Reporters on the Job
• Lost in Translation : Staff writer Ben Arnoldy says that during his reporting in Afghanistan, he noticed that at some point or another most Afghans will start to say, "We have a proverb...."
Ben says that whenever he hear this phrase, he smiles and prepares to spend a few moments lost in translation.
"I was sipping green tea with the former dean of the faculty of journalism at Kabul University, discussing whether one of the more risqué Afghan television stations had broken too many cultural taboos (page 1). 'There is a saying that whatever you throw down a salt mine, it will become salt,' he told me. As I mulled over whether salt was metaphorically good or bad, I heard him drop the phrases 'class society,' 'Marx,' and 'minerals," says Ben. "At that point, I knew I was doomed." After the interview, Ben's interpreter suggested that the proverb meant: "The only thing you'll ever get out of a salt mine is salt."
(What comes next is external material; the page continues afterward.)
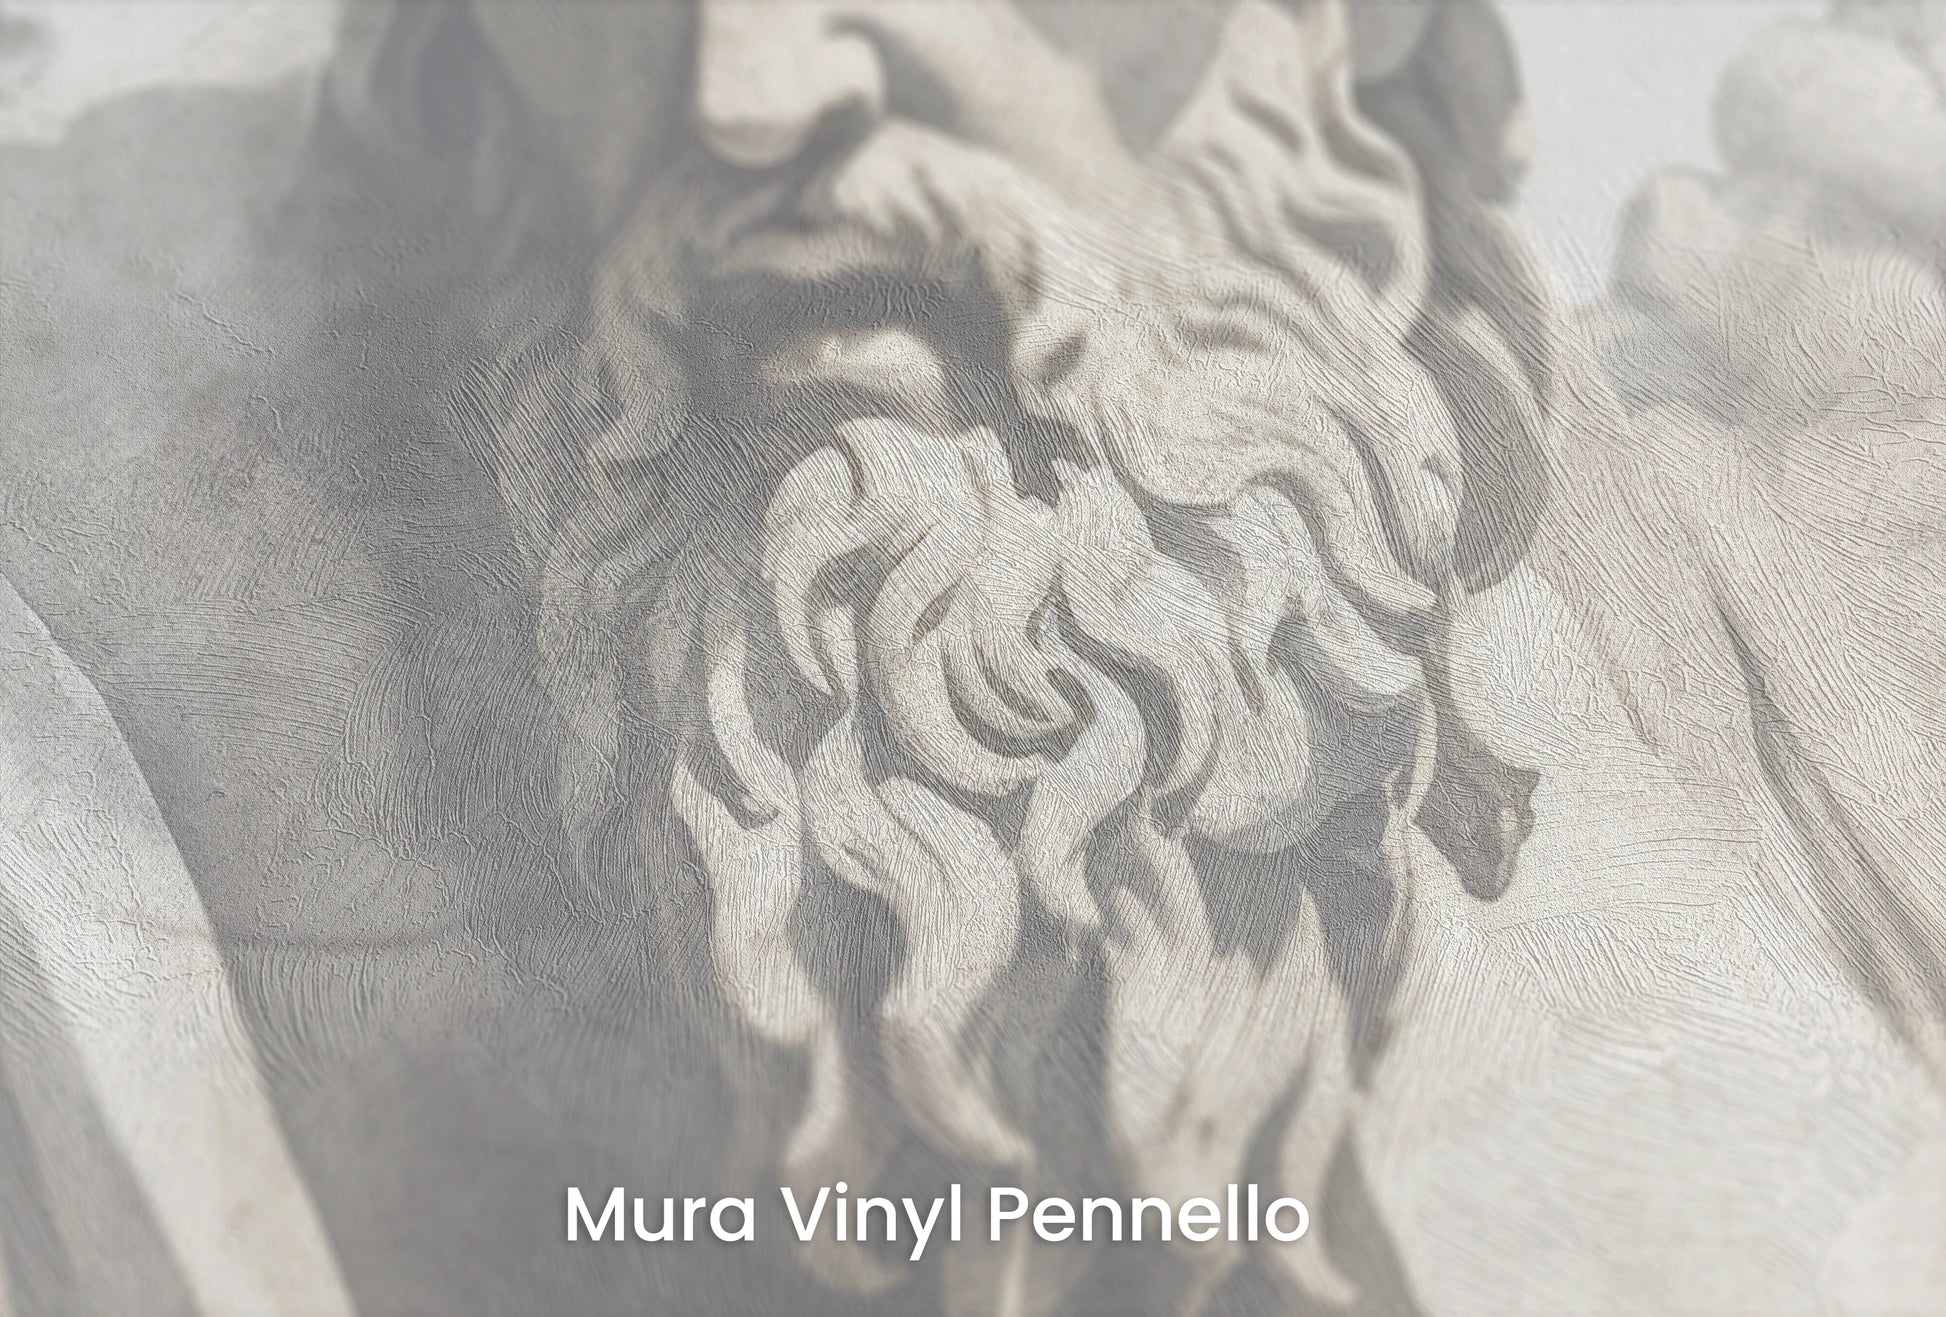 Zbliżenie na artystyczną fototapetę o nazwie Zeus's Contemplation na podłożu Mura Vinyl Pennello - faktura pociągnięć pędzla malarskiego.

"I blinked a couple times back at him. 'So whatever you have in your mind, it will come out,' he explained. Hmmm. Sort of how the Ninth Commandment can lead to the Sixth, I guess," says Ben.
• Worth the Risk? To report today's story about a Colombian town trying to clear land mines from around it, reporter Rachel Van Dongen ventured down one of the roads often mined by leftist rebels (this page). "The Colombian Army clears the road, but everyone in the area says that rebels resew the mines as fast as the Army destroys them," she says. Local knowledge can help, so she hired the mayor's driver. "It was pouring rain, the radio was blaring, he was driving fast in order to get us back to Medellín by dark. Between rain, reckless driving, land mines, and rebel and Army roadblocks - we breathed a sigh of relief once we left Aquitania and hit the main road to Medellín," says Rachel.